И вот главное в центре их мира — это отношение к родительской культуре. Это отношение к отцу у Хармса (а отец его Ювачев, чьи дневники сейчас издаются, был невероятно тяжелым человеком и, вероятно, полубезумным). Это «Письмо к отцу» Кафки и отношения Кафки с отцом. Ну, у Акутагавы, в силу его биографии, главное — это все-таки отношения с матерью и другой родней, потому что с отцом там вообще, насколько я понимаю, никакого общения не было. Отношение к материнской культуре. Потому что Кафка ведь как раз, может быть, не так остро чувствовал разрыв с традицией, в его случае это разрыв скорее с иудаизмом, нежели с Австро-Венгрией. А вот в случае Акутагавы это именно муки разрыва с материнской японской культурой, его взаимоотношения с традицией, о которой у него все написано, и прежде всего, конечно, «Носовой платок» — вот этот знаменитый рассказ, где он для себя японскую традицию осмысляет.
Все они трое работали в жанре такой абсурдистской притчи, как правило, основанной на материнской вот этой культуре: в случае Кафки — на притче иудейской; в случае, скажем, Акутагавы — на японской легенде; ну а в случае Хармса — на русском фольклоре с его несколько абсурдистским сочетанием сентиментальности и цинизма.
Я думаю, что как раз наиболее аутентичные тексты Кафки… Хармса в этом смысле… Ну, скажем, помните, вот эта история про народного героя Ивана Сусанина: «Зри, яко твоя борода стала клочна». Трагедия отношений с традицией отринутой, трагедия отношений с отцами и семьей. И собственно главная тема модерниста — это тема невозможности прежней жизни. Понимаете, не может быть семьи, не может быть домашней утопии. Мир идет к катастрофе… Ну, та же проблема, кстати, что и в «Саге о Форсайтах». Привычный мир закончился, но человеку по-прежнему хочется семьи, дома, понимания, тепла. И Хармс весь пронизан желанием жить с людьми, но люди его отторгают — и в результате он начинает их ненавидеть.
Мне кажется, что хармсовская и кафкианская тема — тема иррационального бреда, иррационального больного быта — ведь это возникает, собственно говоря, именно тогда, когда быт сходит с ума, когда в России тридцатых годов простейшие вещи становятся недостижимыми, естественнейшие человеческие чувства становятся запрещенными.
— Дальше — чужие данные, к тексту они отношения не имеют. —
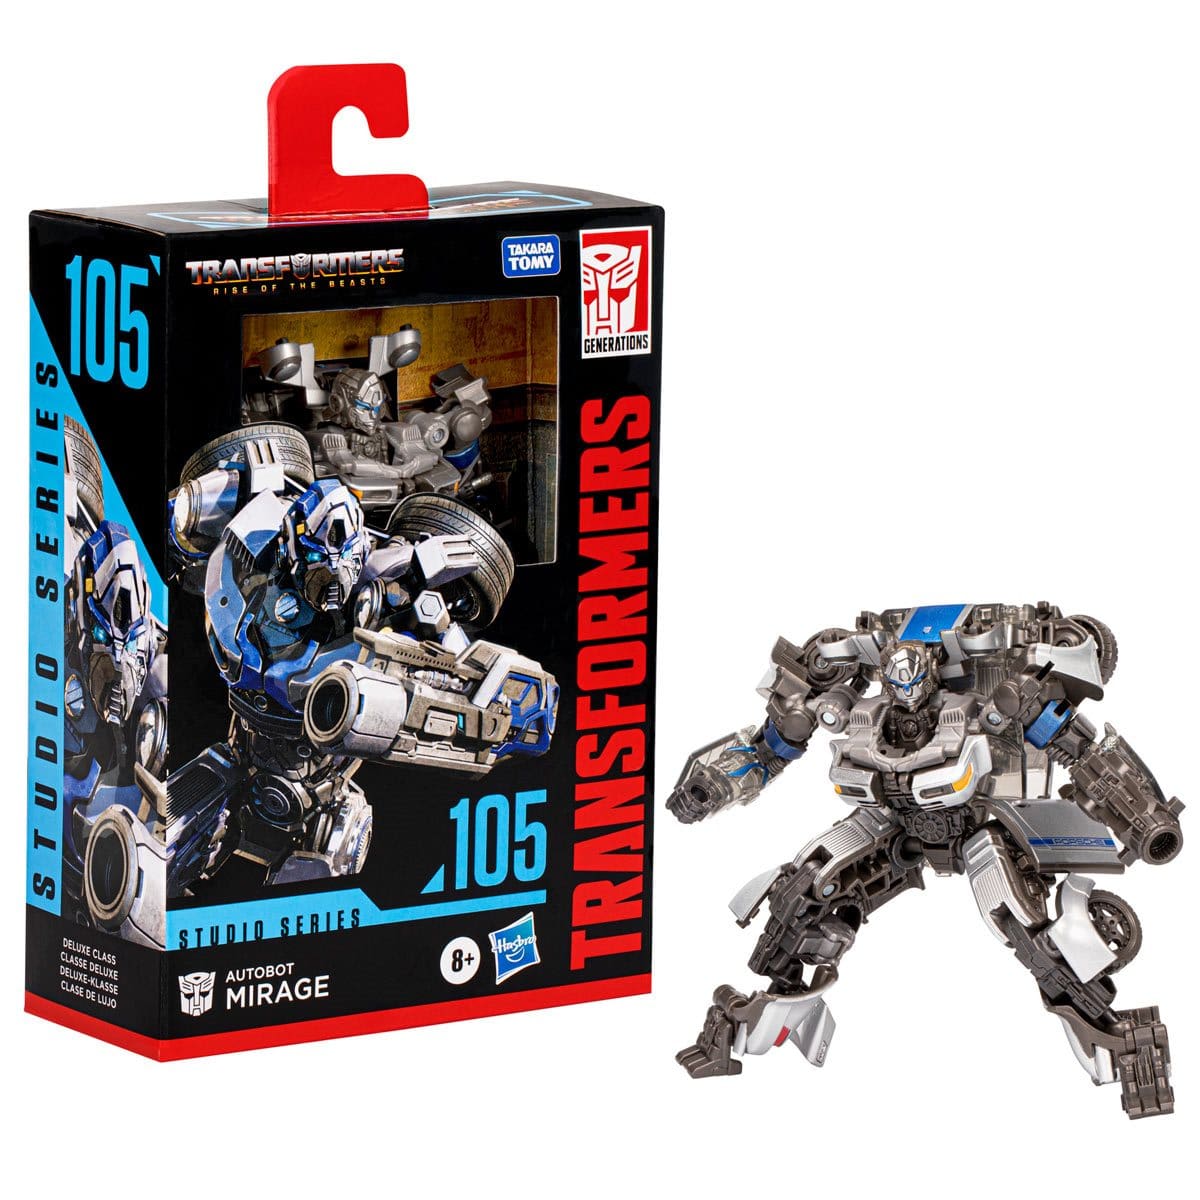 HASBRO TRANSFORMERS STUDIO SERIES DELUXE TRANSFORMERS: RISE OF THE BEASTS 105 AUTOBOT MIRAGE ACTION FIGURE

И в этом больном иррациональном пространстве, где человек Зощенко стал главным, а человек революции, человек модерна оттеснен на последнее место и в общем вытеснен в маргиналы,— вот здесь возникает страх как основа бытия.
Я думаю, что такой текст, как «Зубчатые колеса», который, кстати говоря, Акунин назвал вероятно самой страшной исповедью в мировой литературе, самой мрачной… Вот это такая исповедь, какая могла быть написана только перед самоубийством. «Зубчатые колеса» Акутагавы — я думаю, этот текст мог бы написать Хармс, Хармс мог бы под ним подписаться. И в какой-то степени «Старуха», где все поглощено ужасом,— это и есть такие «Зубчатые колеса» по-русски. Хармс — это исповедь русского модерниста, оказавшегося в ситуации торжествующего старого мира. Потом, конечно, этот старый мир все равно благополучно погиб, но он успел погрести под собой художника. Это тема Кафки, это тема Хармса. И это вообще главная тема всех консервативных культур в двадцатые годы. Япония, Австро-Венгрия погибшая и Российская империя — это три самых модернистских страны, где эмоции, связанные с модернизмом, были самыми серьезными, самыми отчаянными.